Colloidal Silver and hydrogen peroxide, especially in combination, exhibit significant microbial inactivation at concentrations that pose no health risk according to the EEC, WHO and US EPA. Several countries, including Switzerland, Germany and Australia have given approval for the use of colloidal silver and hydrogen peroxide as a drinking water disinfectant. The EEC and Israel Ministry of Health have specifically approved the use of colloidal silver as a drinking water disinfectant at an MCL (Maximum Contaminant Level) of 80ppb (Pedahzur, R et al, Water Sci Technol, 31(5-6), 1995). Widespread use might result in potential for uptake of silver ions by humans, but research suggests that: “risks are minimal under all likely scenarios” (Final Report: Evaluation of the Efficacy of a New Secondary Disinfectant Formulation Using Hydrogen Peroxide and Silver. US EPA NNCER, Dec 3, 2001).

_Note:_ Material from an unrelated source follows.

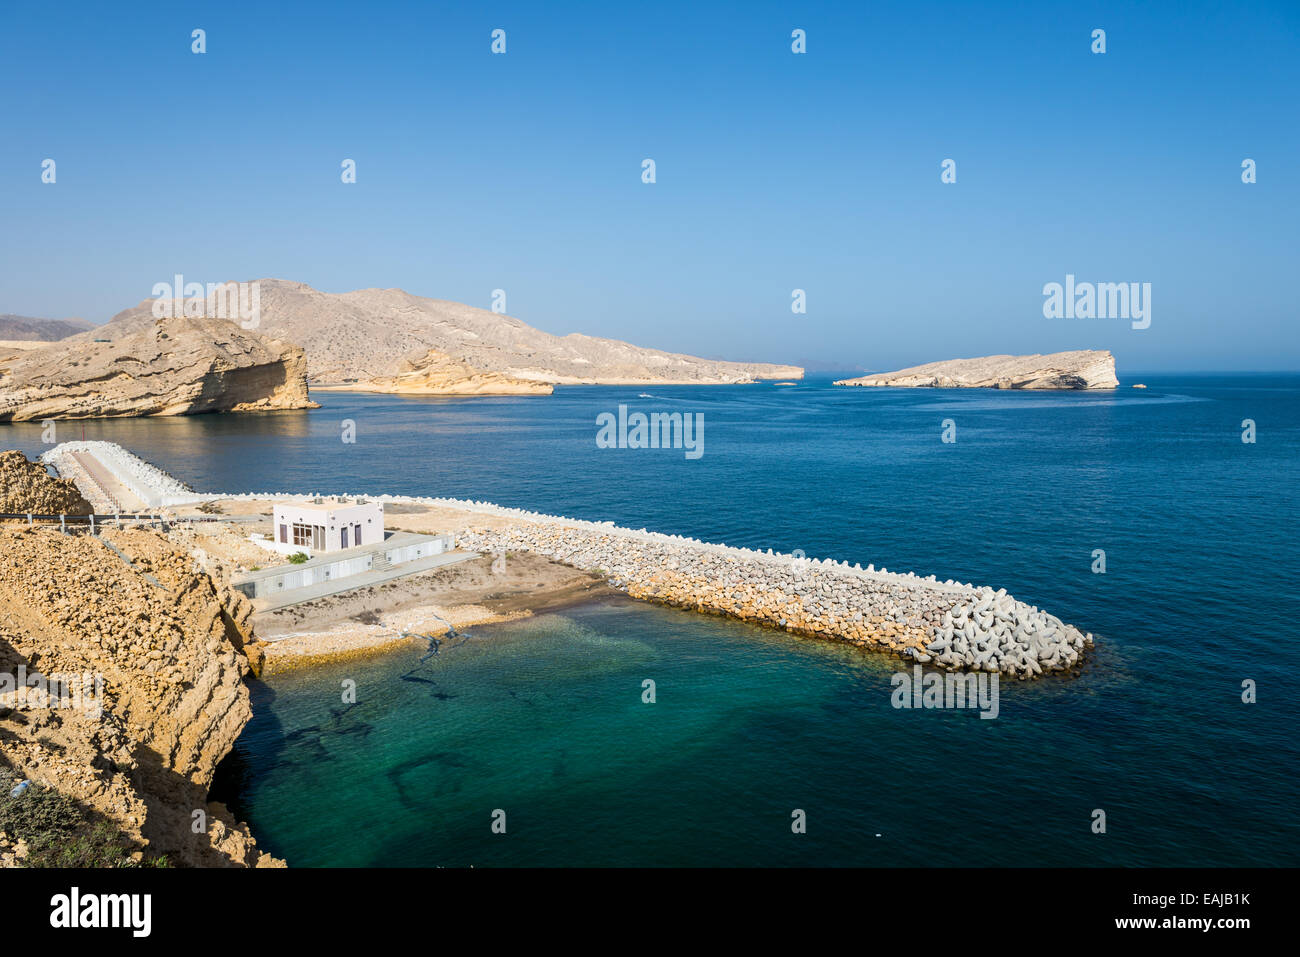 Kalksteinfelsen steht über dem blauen Wasser des Arabischen Meeres. Oman. Stockfoto
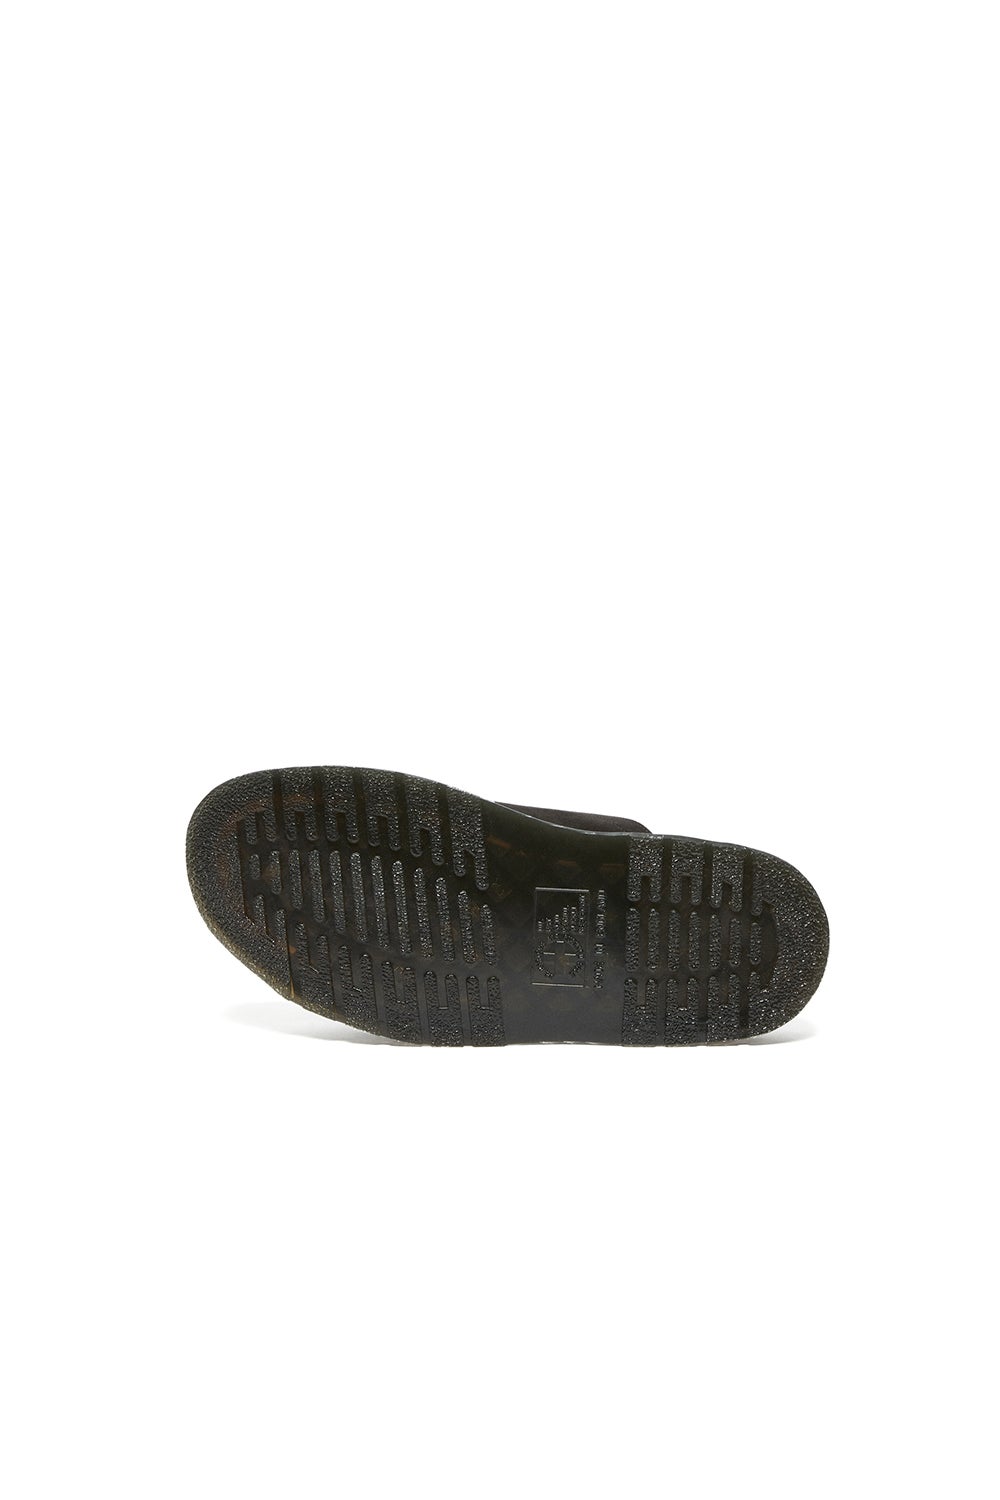 Dr. Martens Dyne Made in England Slide Sandals Black

The USA EPA has declared that “silver does not cause adverse health effects” and set a MCL at 100 ppb for all drinking water. Recently an EU Drinking Water Standard proposed removing any upper limit for silver in drinking water, following the WHO’s Guidelines for Drinking Water Quality, which states that: "it is not necessary to recommend any health-based guidelines for silver as it is not hazardous to human health" ("Silver Water Purification Systems Offer Reliable Alternative to Chlorine", The Silver Institute, Wash, March 25, 1997). The World Health Organisation still advocates 100ppb levels of silver for drinking water (Pelkonen K et al, Toxicology, 186(1-2), 2003). I shall resist arguing for the efficacy of colloidal silver against bacteria, viruses, spore-forming organisms, yeasts and mould fungi, since this should be beyond dispute. As mentioned previously, we are comprised of 75% water. By restoring and maintaining the integrity of that water, we restore and maintain the integrity of the body by freeing it of pathogens. Herein lies the paradox of philosophically diametrically opposed public health authorities both praising and demonizing the same substance. I shall leave it to the now informed reader to decide either way.

Stuart Thomson

Director, Gaia Research Institute, Knysna.